1-d -> 1-D for consistency?

Ah good spot will fix this before landing, cheers

mlir/lib/Dialect/ArmSME/Transforms/LegalizeForLLVMExport.cpp
340–345

Well, if this is expected to run before some of these "higher" level vector ops are lowered, I would make sure we generate those. We have patterns that are looking specifically for those and are able to understand if they are all-true/all-false masks, etc.

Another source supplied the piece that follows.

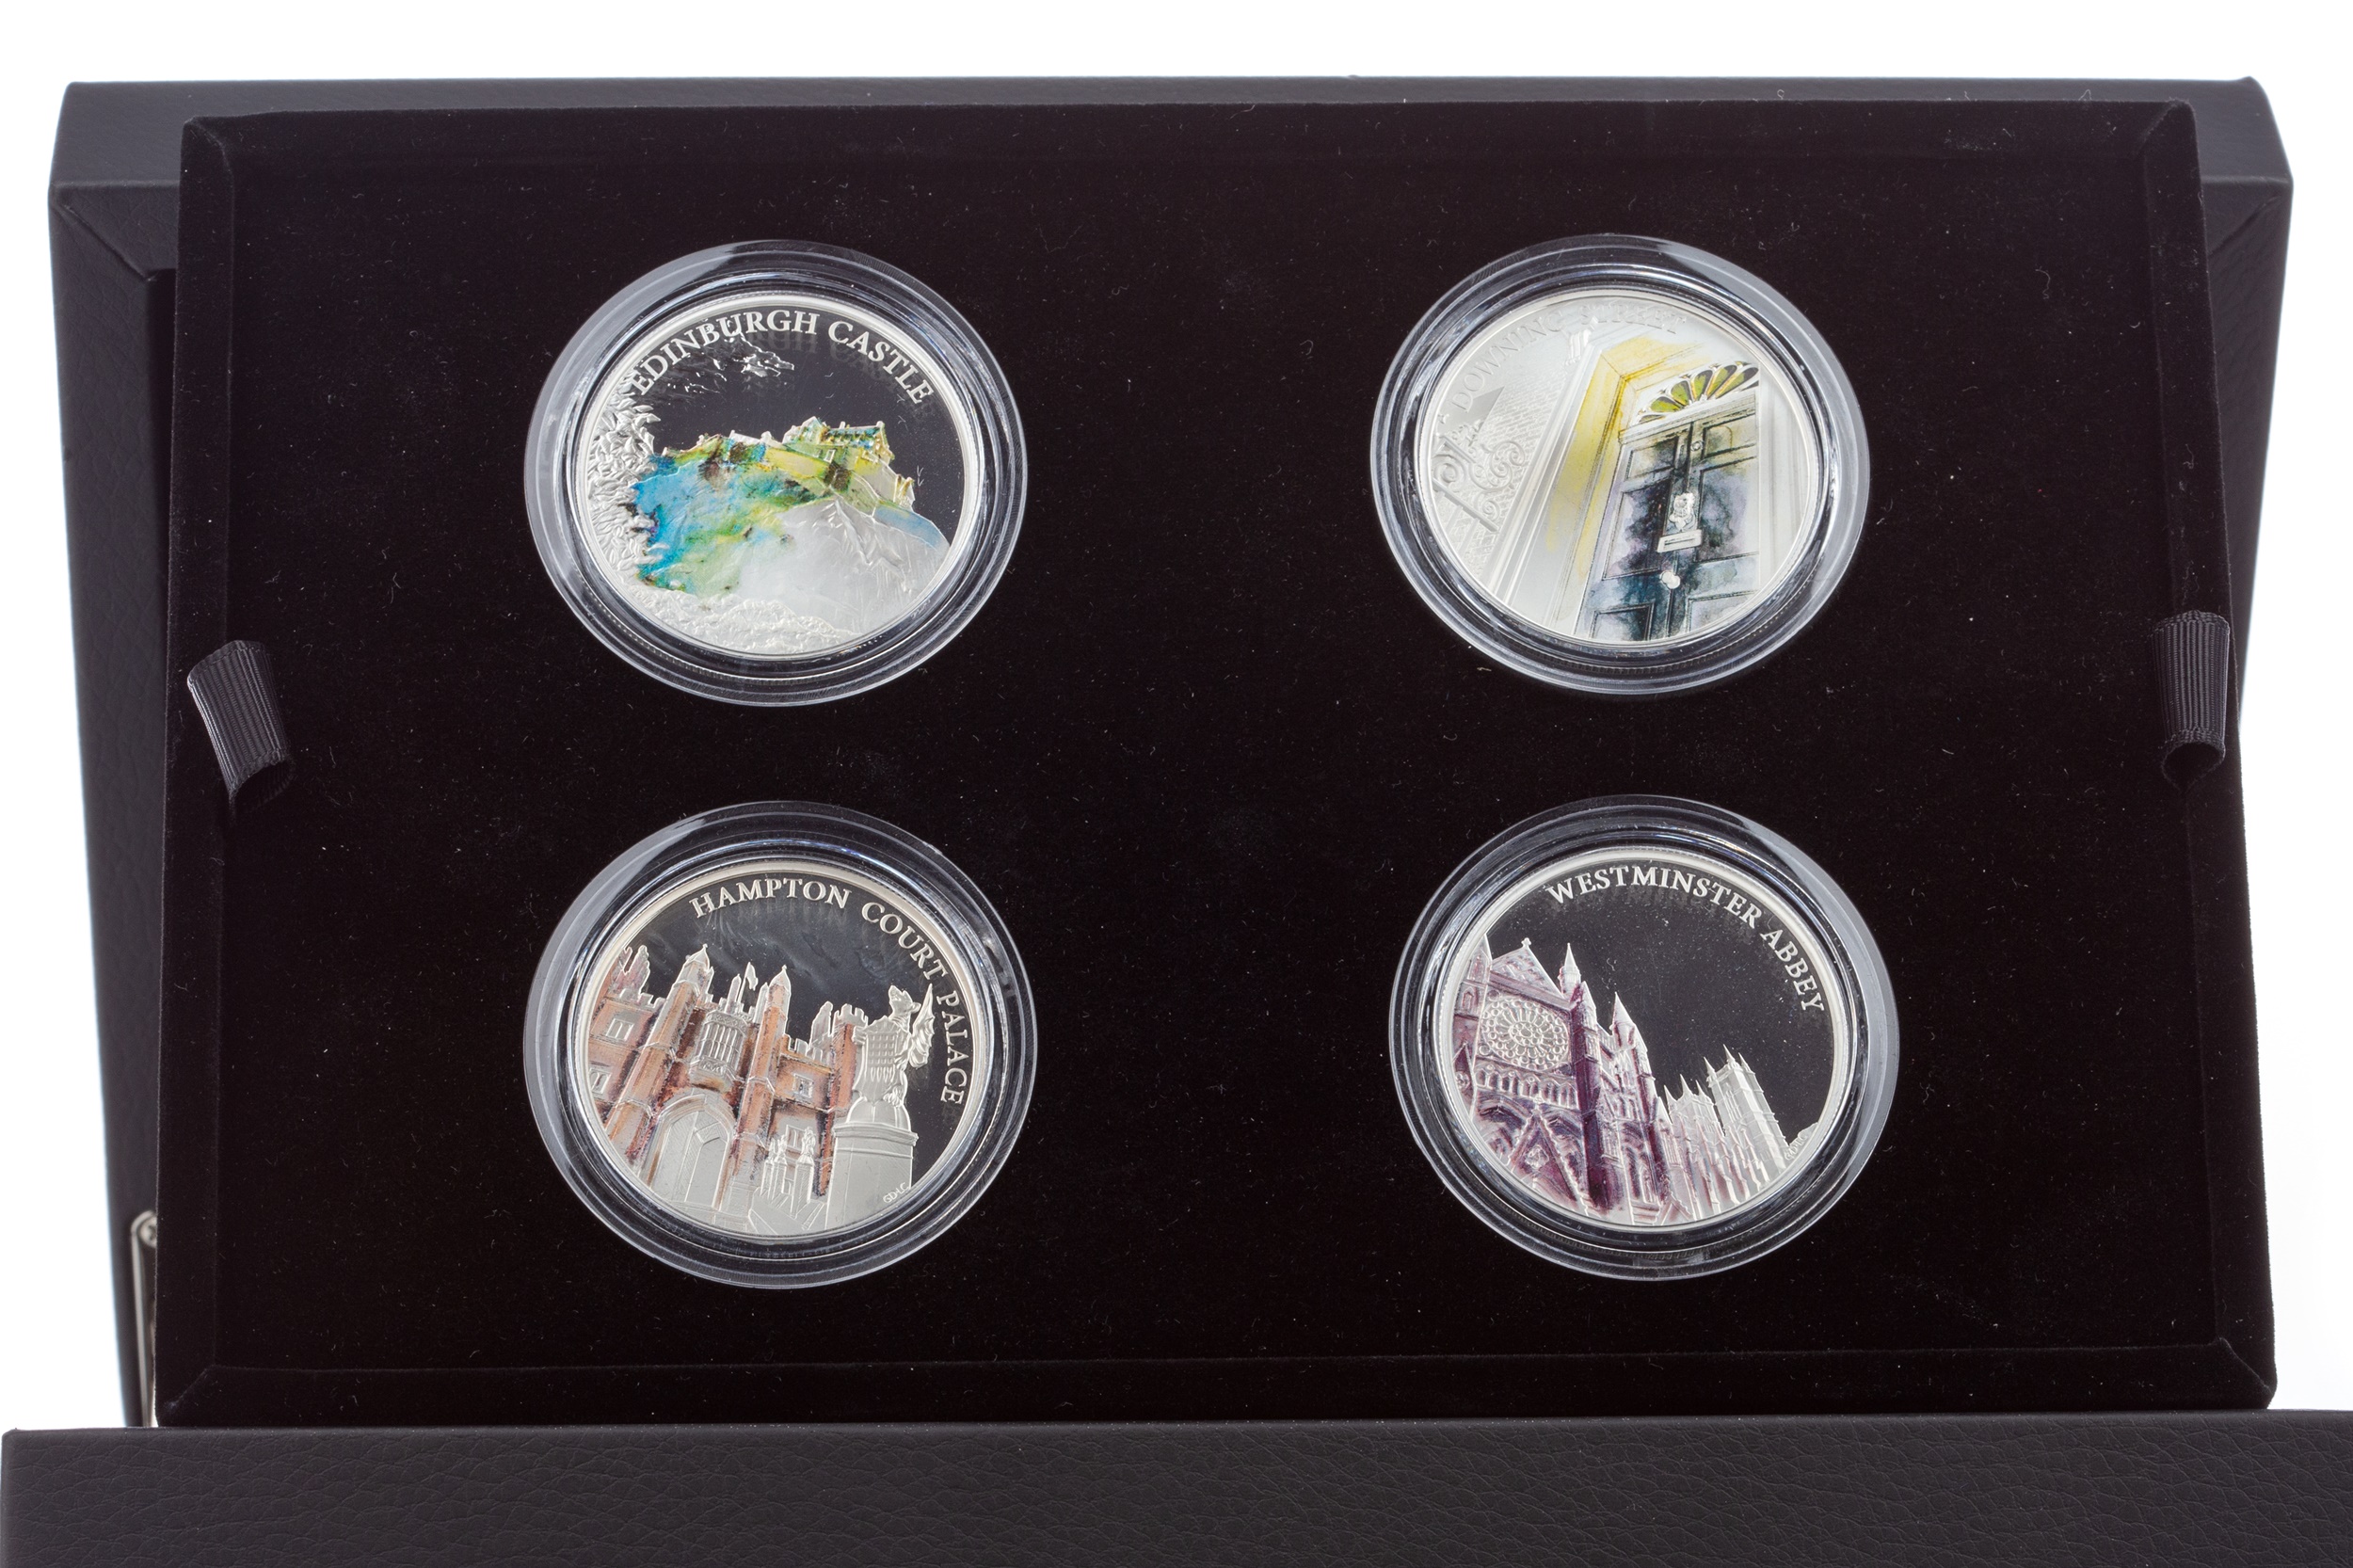 THE 2017 ROYAL MINT UK 'PORTRAIT OF BRITAIN' COIN COLLECTION

We don't have mask patterns looking at constant ops.

Sorry I'm not sure I follow, this is low-level and emitting the canonical form for an all active mask (a constant?), it's not clear to me what the benefit of such patterns are in this case?

I should mention there has been no consideration of masking so far in the ops introduced for our first target for SME of lowering linalg.fill, now that there is a basic path established (D158619) I've starting looking into masking.

mlir/test/Dialect/ArmSME/arith-ops-to-sme.mlir
107

side note, can you just return the value instead of using this fake op or is there something more fundamental that does not let us return a scalable vector here ?

c-rhodes added inline comments.Aug 29 2023, 9:09 AM
mlir/test/Dialect/ArmSME/arith-ops-to-sme.mlir
107

side note, can you just return the value instead of using this fake op or is there something more fundamental that does not let us return a scalable vector here ?

For the purposes of this test the scalable vector could be returned, but generally we can't support passing or returning 2-d scalable vectors to/from functions since these types can't be lowered to LLVM and even if they could it's not defined by the ABI. For this reason I opted for the fake use op so as to not set a precedent that this is something that can be done. I believe there are some earlier ArmSME tests where 2-d scalable vector are returned however, we should probably update them for consistency.